Не было пределов возмущения этим варварством у В. В. Стасова. Он ценил старину, он берег манускрипты в Публичной библиотеке; а ведь эти отпечатки-уники стоили теперь по нескольку тысяч рублей (старый, потемневший листок небольшого формата — портрет доктора Ефраима Бонуса[259] — был куплен Ровинским за 800 золотых рублей).
III
Я давно уже поджидал Владимира Васильевича в путешествие, как мы условились, по музеям Европы. Наконец весною 1883 года мы тронулись в путь.
Вспомнить и записать здесь (спустя сорок с лишком лет) я могу только небольшие эпизоды…

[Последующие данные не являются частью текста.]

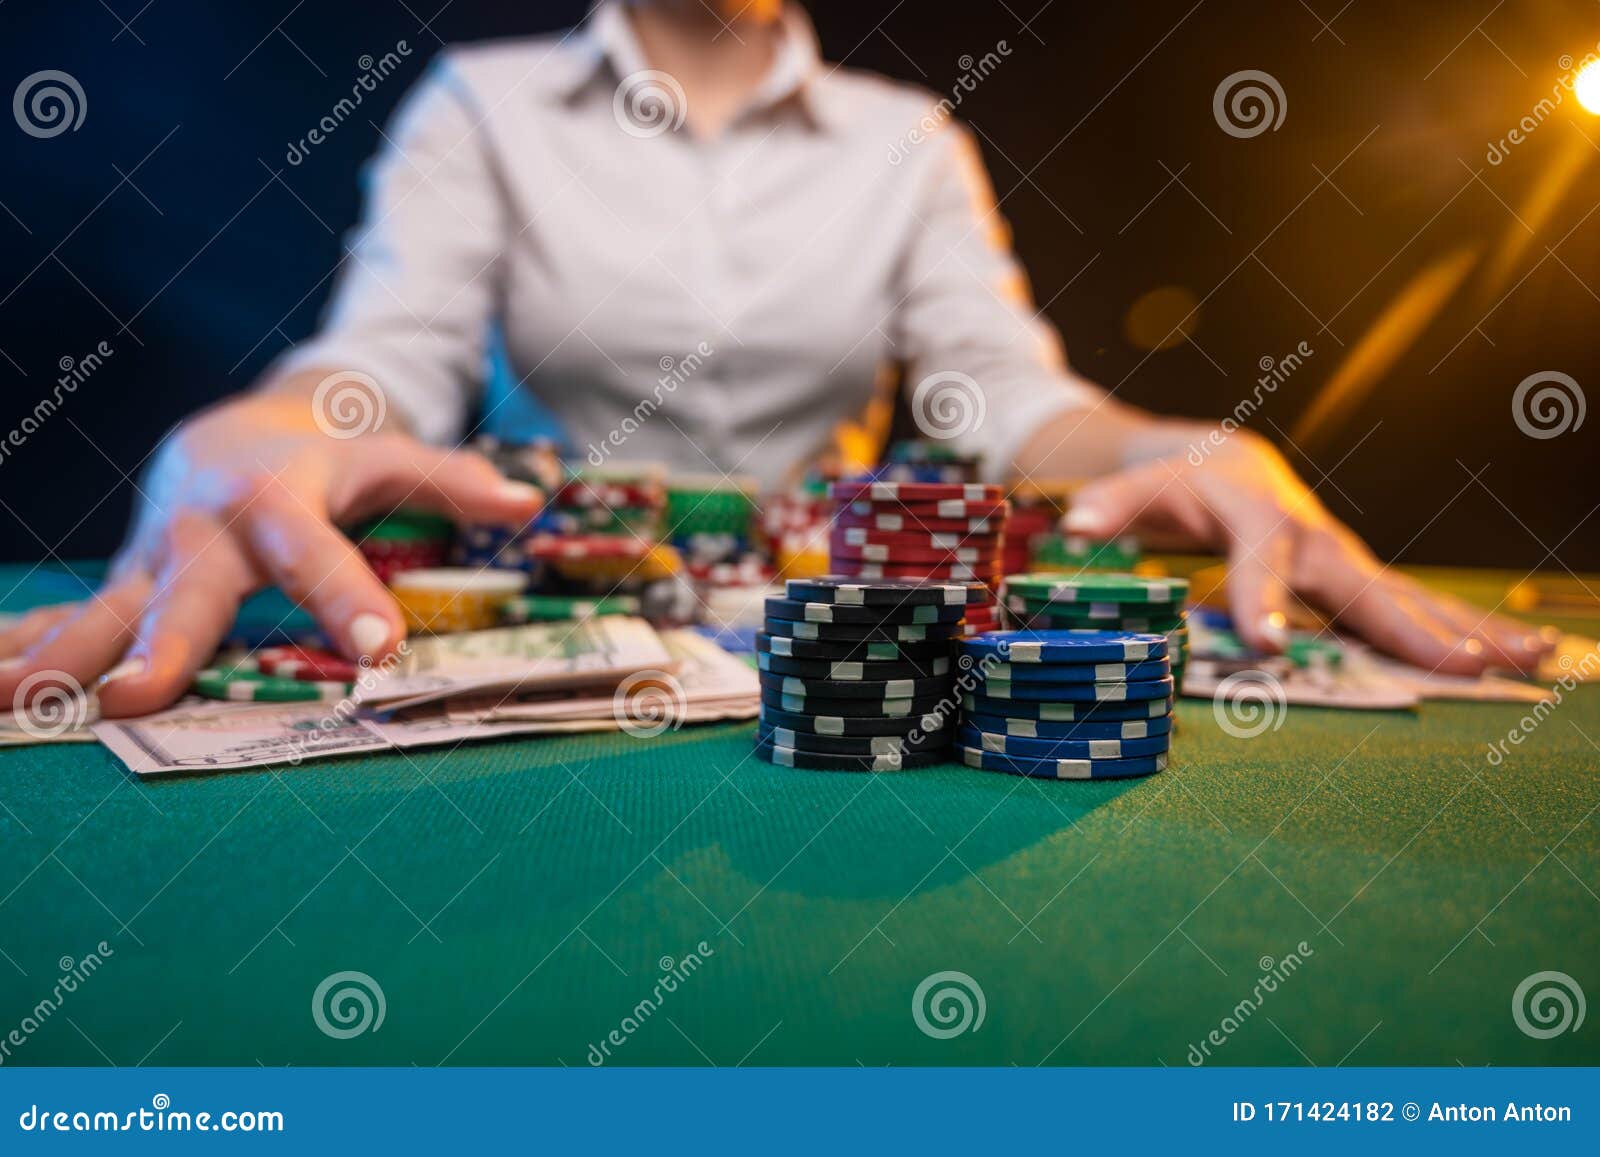 10 formas creativas de mejorar su bonos de casino

Во многих столицах мы приходили в восторг от национального стиля новых громадных зданий. Национальность уже давно была идеалом Владимира Васильевича. Он следил за созданием идейных зданий [в Европе] и ревниво страдал нашей национальной отсталостью. «Это могут осуществлять только республики да парламентские государства, — говорил он, веруя в могущество республик, — только в них находятся истинные проявления национальных талантов». Венецианцы, голландцы, французы не сходили у него с языка; все эти народы сулили нам впереди новые восторги, — мы ехали к ним…
Во всех музеях при массе художественных предметов неизбежно попадаются и посредственные и даже совсем сомнительные экспонаты. Надо много раз близко и внимательно изучать каждый музей, чтобы не тратить времени на плохое художество. Нужен изощренный вкус и большая память, чтобы судить без ошибки и по существу каждую вещь…

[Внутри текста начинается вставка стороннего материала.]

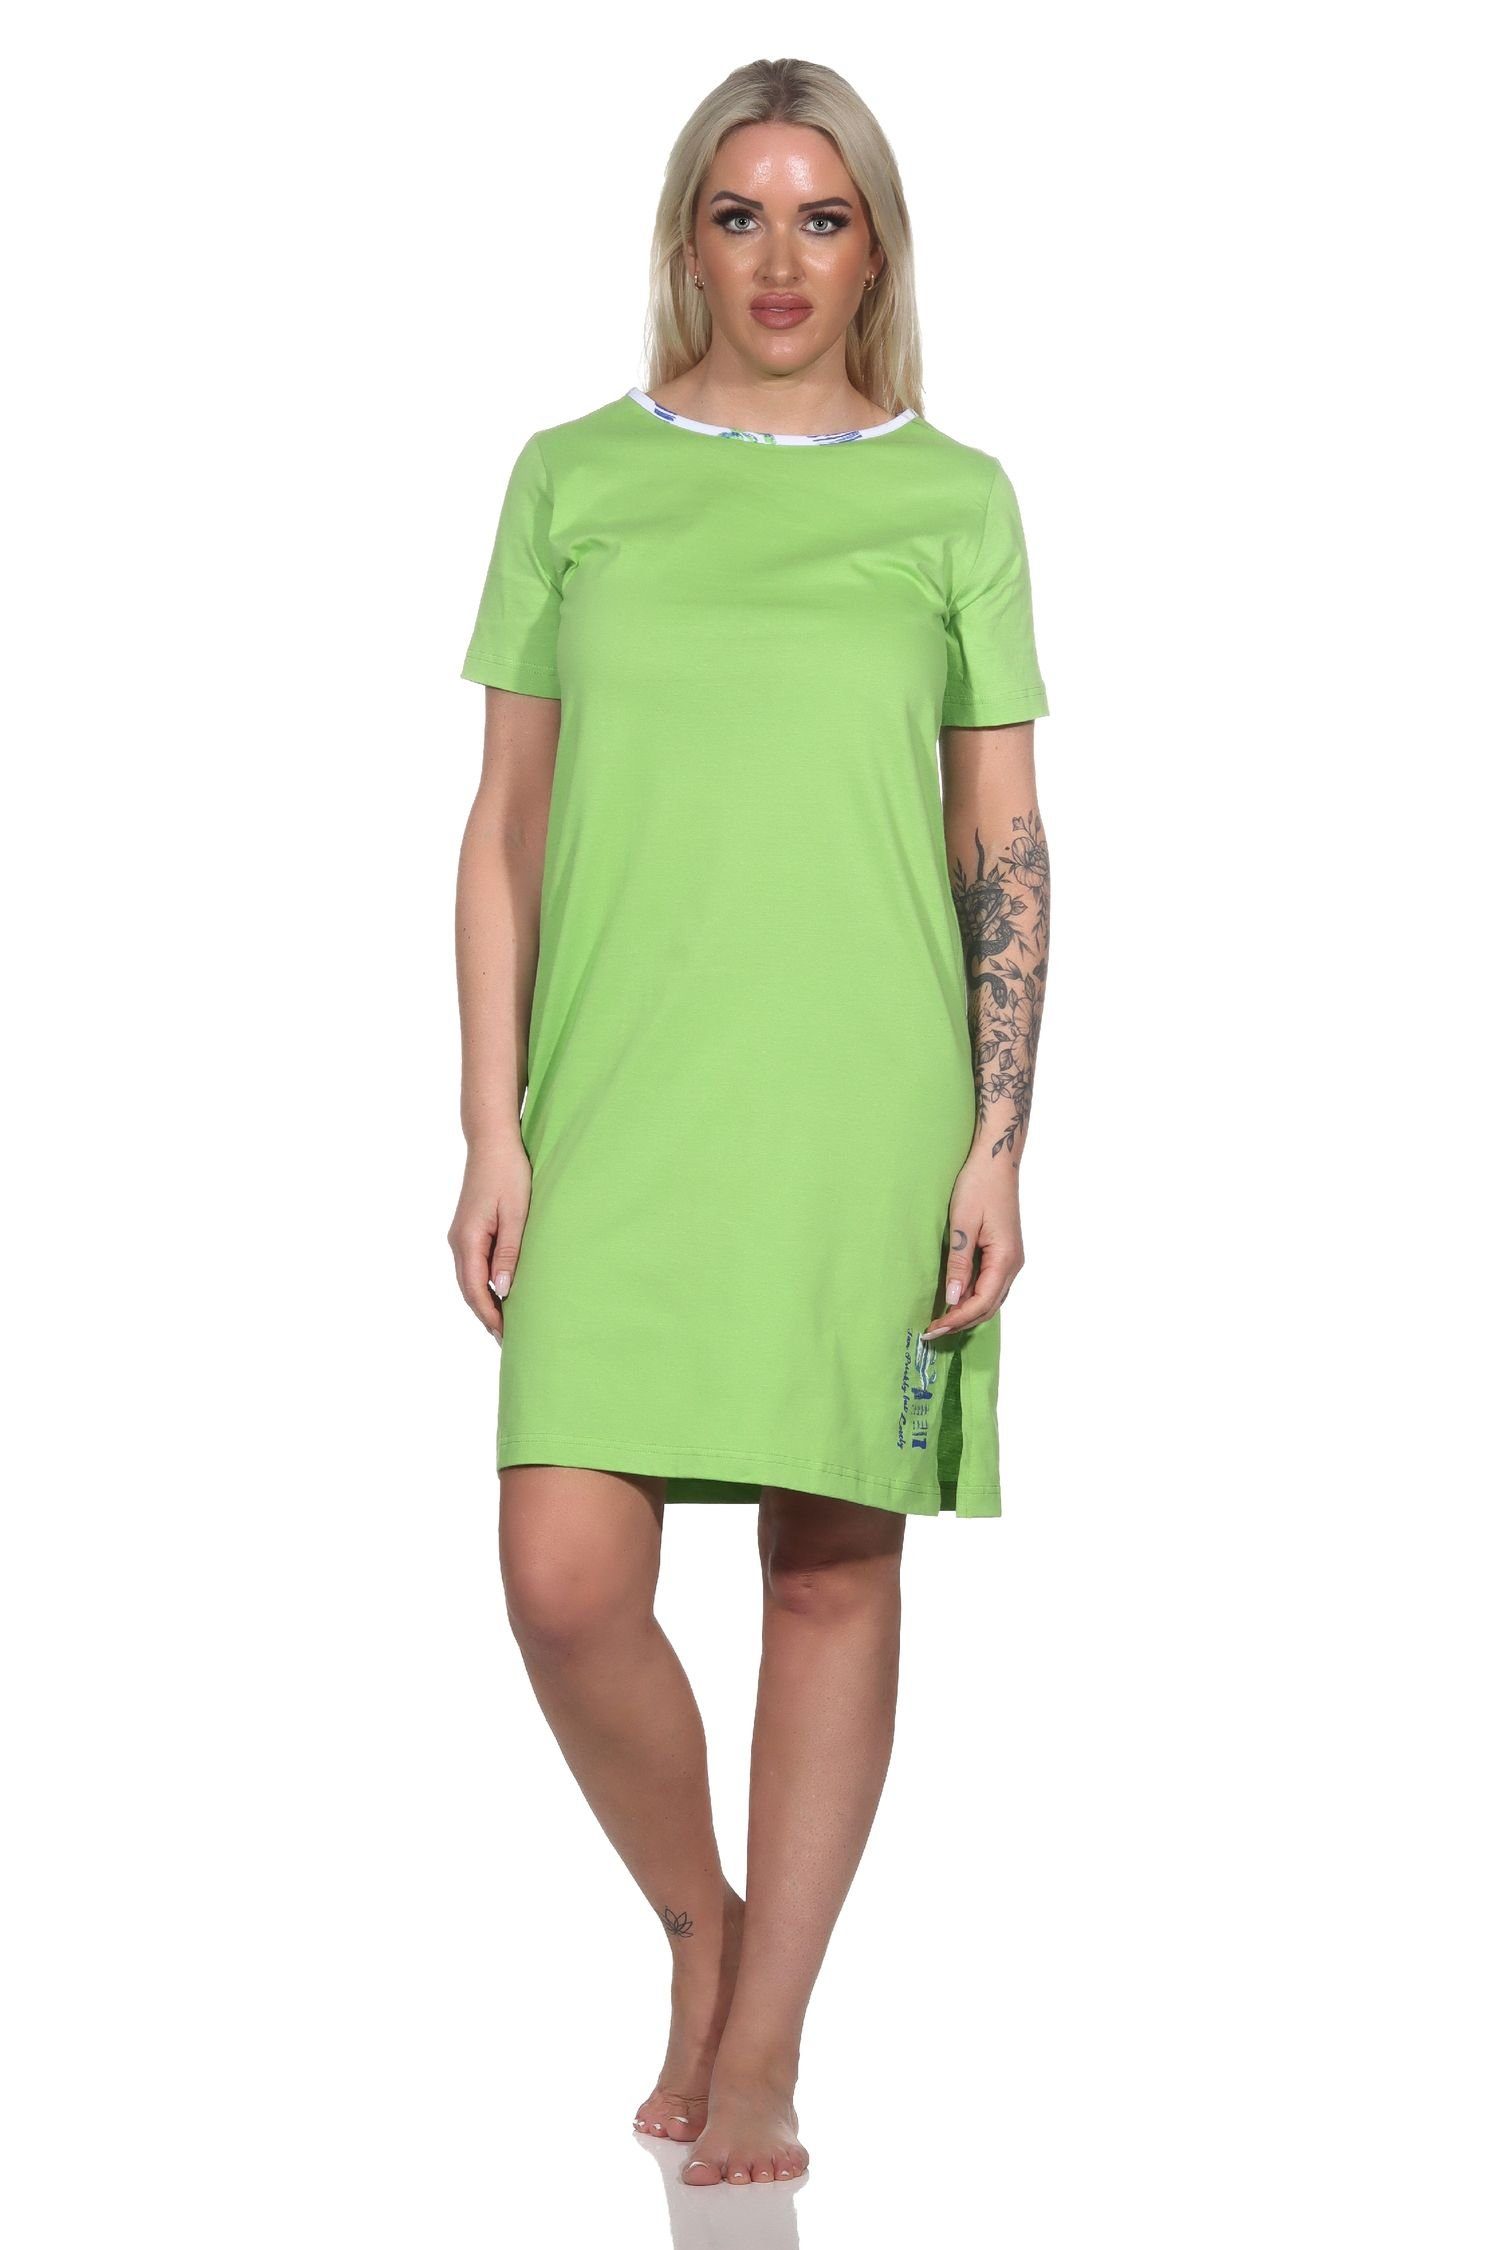 grün Damen Kaktus Nachthemd kurzarm Nachthemd mit Motiv als Normann

— Ах, что же это вы так проходите? Смотрите, ведь это Тициан! — останавливает меня Владимир Васильевич. И действительно, Тициан, и даже неожиданно интересный… Но как в этом почернелом и весьма неясном второстепенном этюде, очевидно, большого, но одряхлевшего мастера, мог так скоро раскусить Владимир Васильевич гениального живописца? Очевидно, он его уже давно знает и ценит.
В своих оценках произведений искусства Владимир Васильевич отличался большой независимостью, в нем не было эстетства «знатоков», и точно так же был он далек от дешевого морализма в искусстве. Он носил в себе высшие идеалы человечества, и только эти идеалы руководили им при выборе и оценке выдающегося произведения. Большинство журналистов, пишущих об искусстве, конечно, не изучали его и болтали [о нем] понаслышке; этим докам особенно по вкусу пришлась фраза талантливого (даже в области публицистики) А. Н. Серова. Серов, после дружбы (еще с правоведской парты) со Стасовым, разошелся с ним и отпустил по его адресу такую остроту: «Стасов — превосходный критик музыки между скульпторами и скульптуры между музыкантами». Писаки, захлебываясь, повторяли эту фразу. Они никогда не могли понять стасовской критики, так как она была плодом долгого изучения искусства по французским, немецким, английским и итальянским источникам. Его мировые идеалы стояли ему вехами на такой высоте, до которой взгляд пигмеев никогда не достигал. Потому-то иные если и соглашались со Стасовым, то лишь по прошествии долгого времени. Даже такой просвещенный художник, как Тургенев, готов был капризным ребенком кричать на всю улицу, чтобы его убрали в сумасшедший дом в тот момент, когда он согласится со Стасовым…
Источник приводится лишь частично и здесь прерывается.